Progress 09/15/01 to 09/14/04

Outputs
During the funding period, we aim to dissect the mechanism of how SEUSS (SEU) and LEUNIG (LUG), two Arabidopsis transcription co-repressors, repress the expression of an important floral regulator AGAMOUS (AG) during flower development. we tested the repressor activities of LUG and SEU and showed that SEU and LUG directly interact with each other. Further, we identified APETALA1 (AP1) and SEPALLATA3 (SEP3) as the DNA-binding partners of LUG/SEU co-repressor complex. These research results led to a new model on how these repressors work to repress AG regulate flower development. The previous research model held that AG was turned on by default in all four floral whorls but was turned off in the outer two floral whorls by SEU and LUG. Our new model suggests that the SEU and LUG repressors turn off AG in all four whorls.
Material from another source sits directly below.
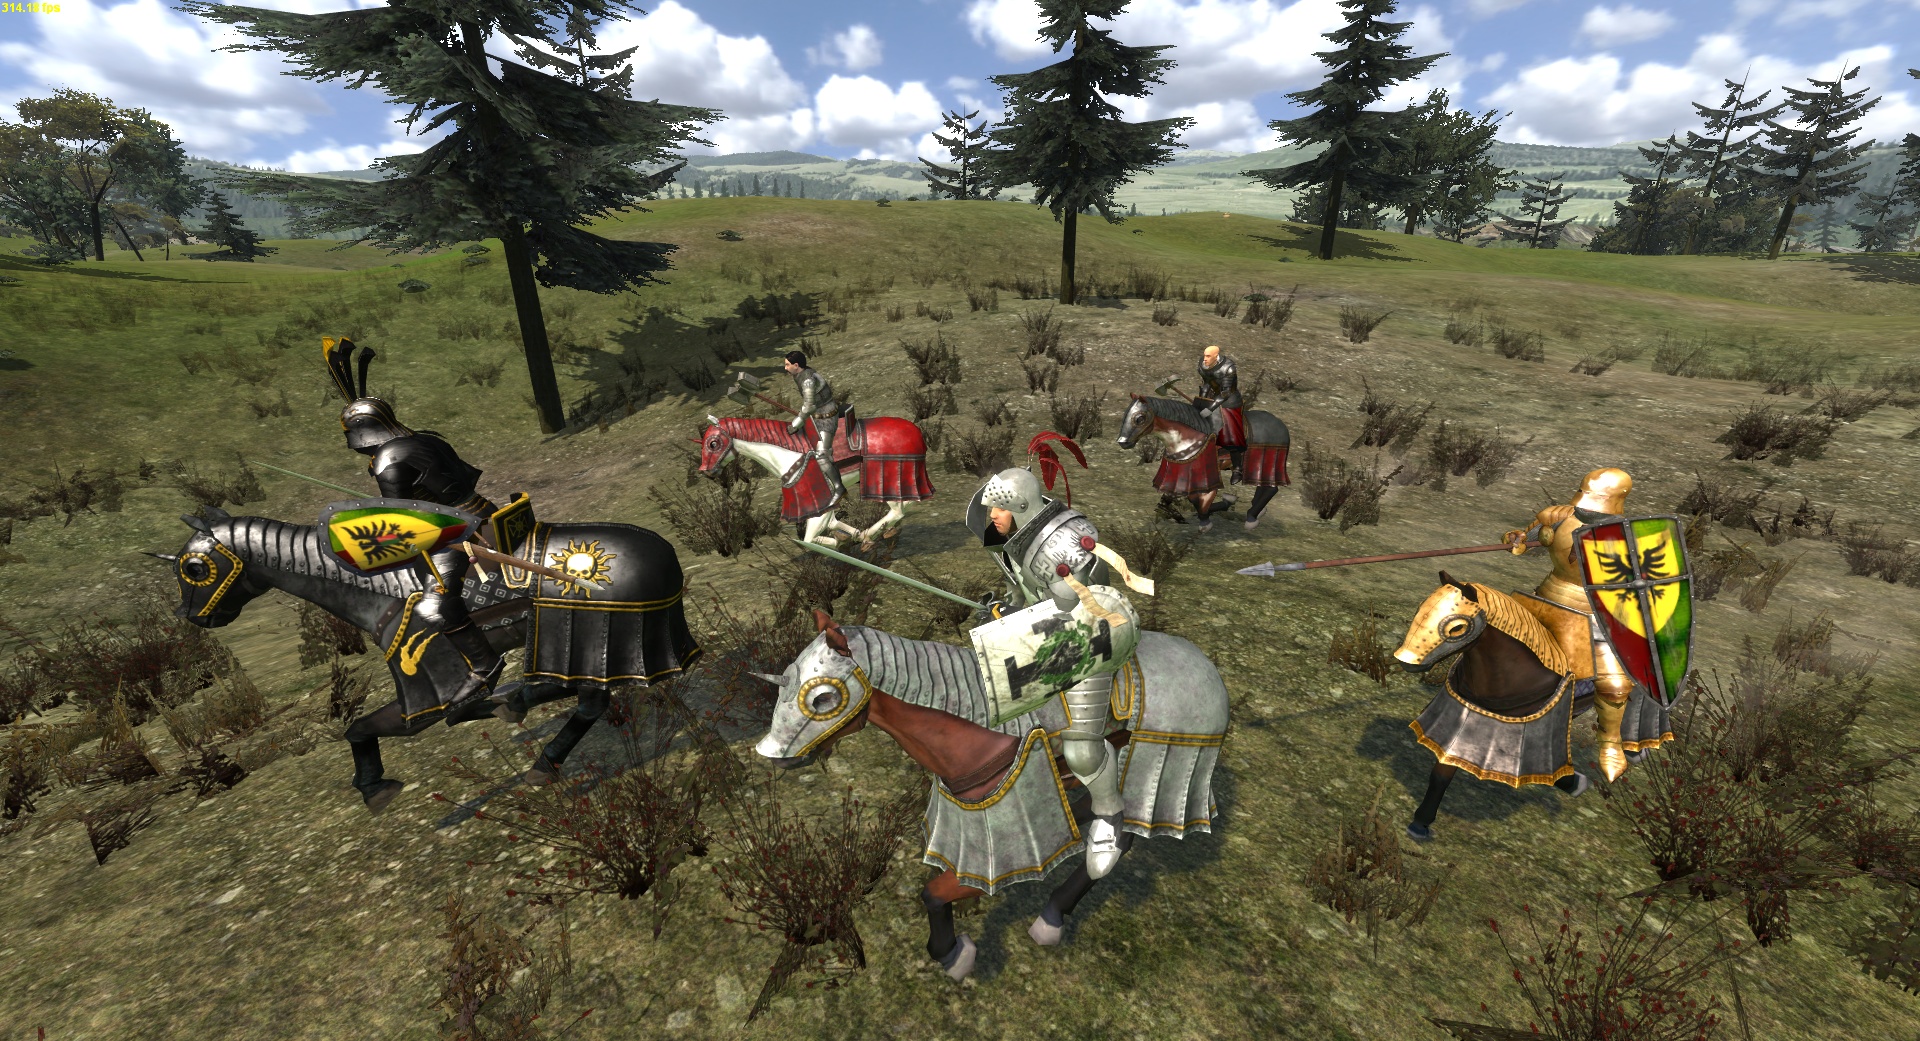 Warband warsword. Warsword Conquest. Маунт блейд вархаммер. Mount and Blade Warsword Conquest. Mount and Blade Warband Warsword Conquest.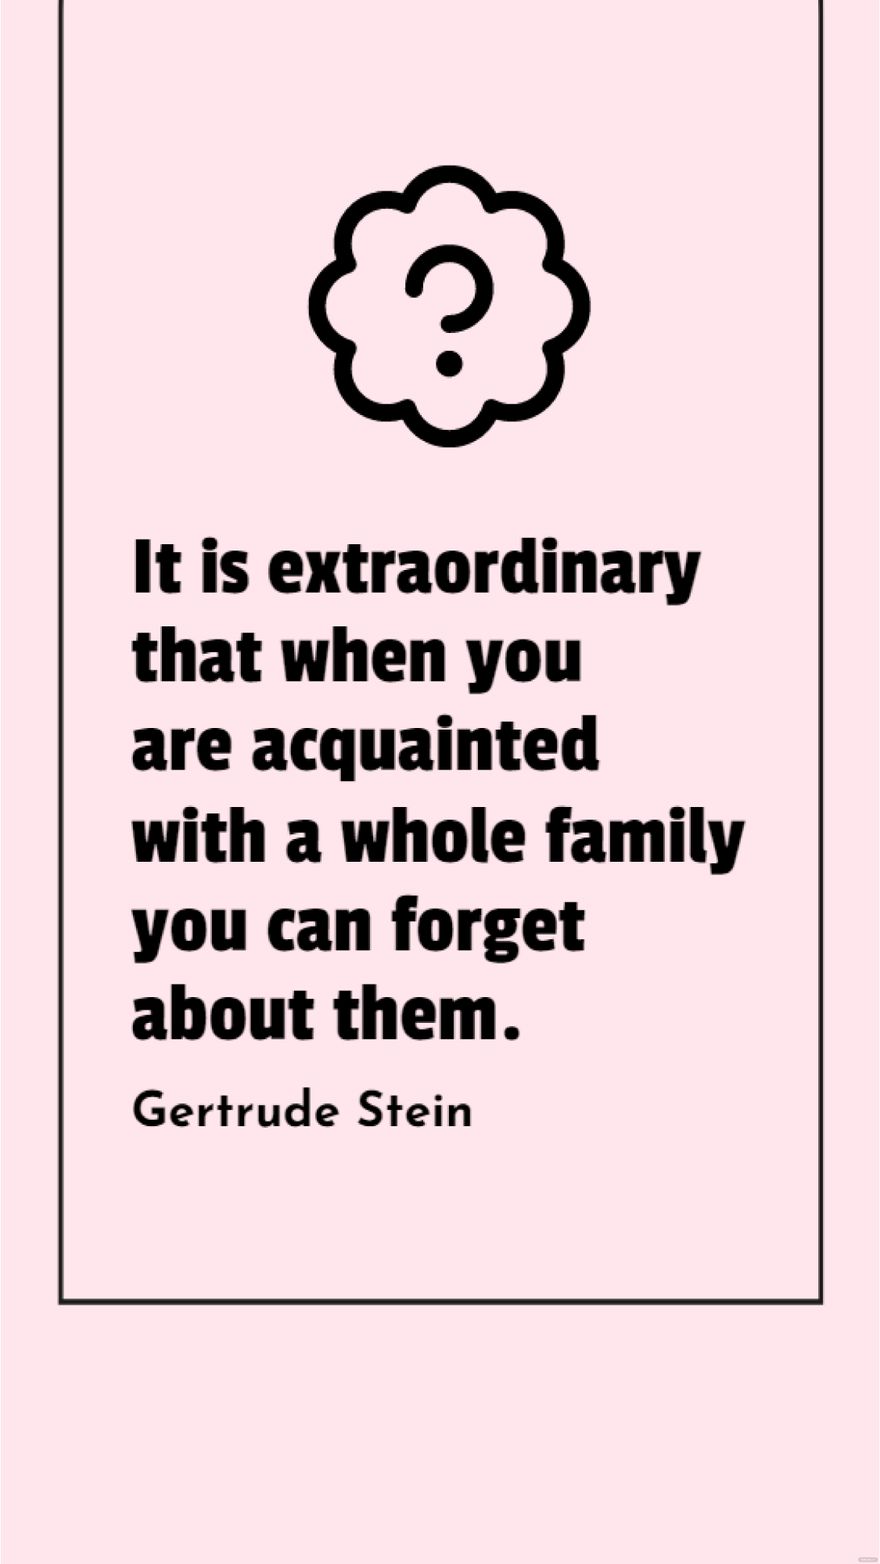 Free Gertrude Stein - It is extraordinary that when you are acquainted with a whole family you can forget about them.

But this turning-off is antagonized by several activating factors existing in the inner two whorls, allowing the expression of AG in the inner two whorls and leading to the placement of stamens and pistils in the center of a flower.

Impacts
The research provides important mechanistic insights into how repressor genes function in plants. Such knowledge will be useful for future genetic engineering aimed at specifically switching on or off genes in order to improve crop traits. The result also illustrates how plant reproductive organs develop according to the activities of one or a few key regulatory genes. This will enable future genetic manipulation of reproductive organ formation. Since most fruits, nuts, and vegetables (such as tomato, squash) develop from the pistil of a flower, the ability to regulate the spatial and temporal activities of the class C gene may enable one to increase fruit number and size. Further, as pistils are bearers of seeds, the ability to regulate pistil development may enhance grain yield and seed production. In addition, the class C gene may serve as the target for gene repression and gene silencing leading to sterile flowers ideally suited for preventing transgene flow in the wild. Finally, regulatory sequences that normally direct the expression of the class C gene may be used to drive the expression of foreign genes such as vaccines in fruits, leading to value-added new crops. During the funding period, one postdoctoral fellow and several undergraduate students were trained.

Publications

• (1) Bao, X., Franks, R.G., Levin, J.Z., and Liu, Z. (2004) Repression of AGAMOUS by BELLRINGR, in Floral and Inflorescence Meristems. Plant Cell 16, 1478-1489.
• (2) Sridhar, V.V., Surendrarao, A. Gonzalez, D., Conlan, C., Liu, Z. (2004) Transcriptional repression of target genes by LEUNIG and SEUSS, two interacting regulatory proteins for Arabidopsis flower development. Proc Natl Acad Sci U S A. 101, 11494-11499.
• (3) Liu, Z. (2005) Regulatory mechanisms for floral organ identity specification in higher plants. In Gene Expression and Regulation, a Current Scientific Frontiers Book (Ed. J. Ma), Springer Publishing.
• (4) Sridhar, V.V., Surendrarao, A., and Liu, Z (2006) APETALA1 and SEPALLATA3 interact with SEUSS to mediate transcription repression during flower development. Development 133, 3159-3166.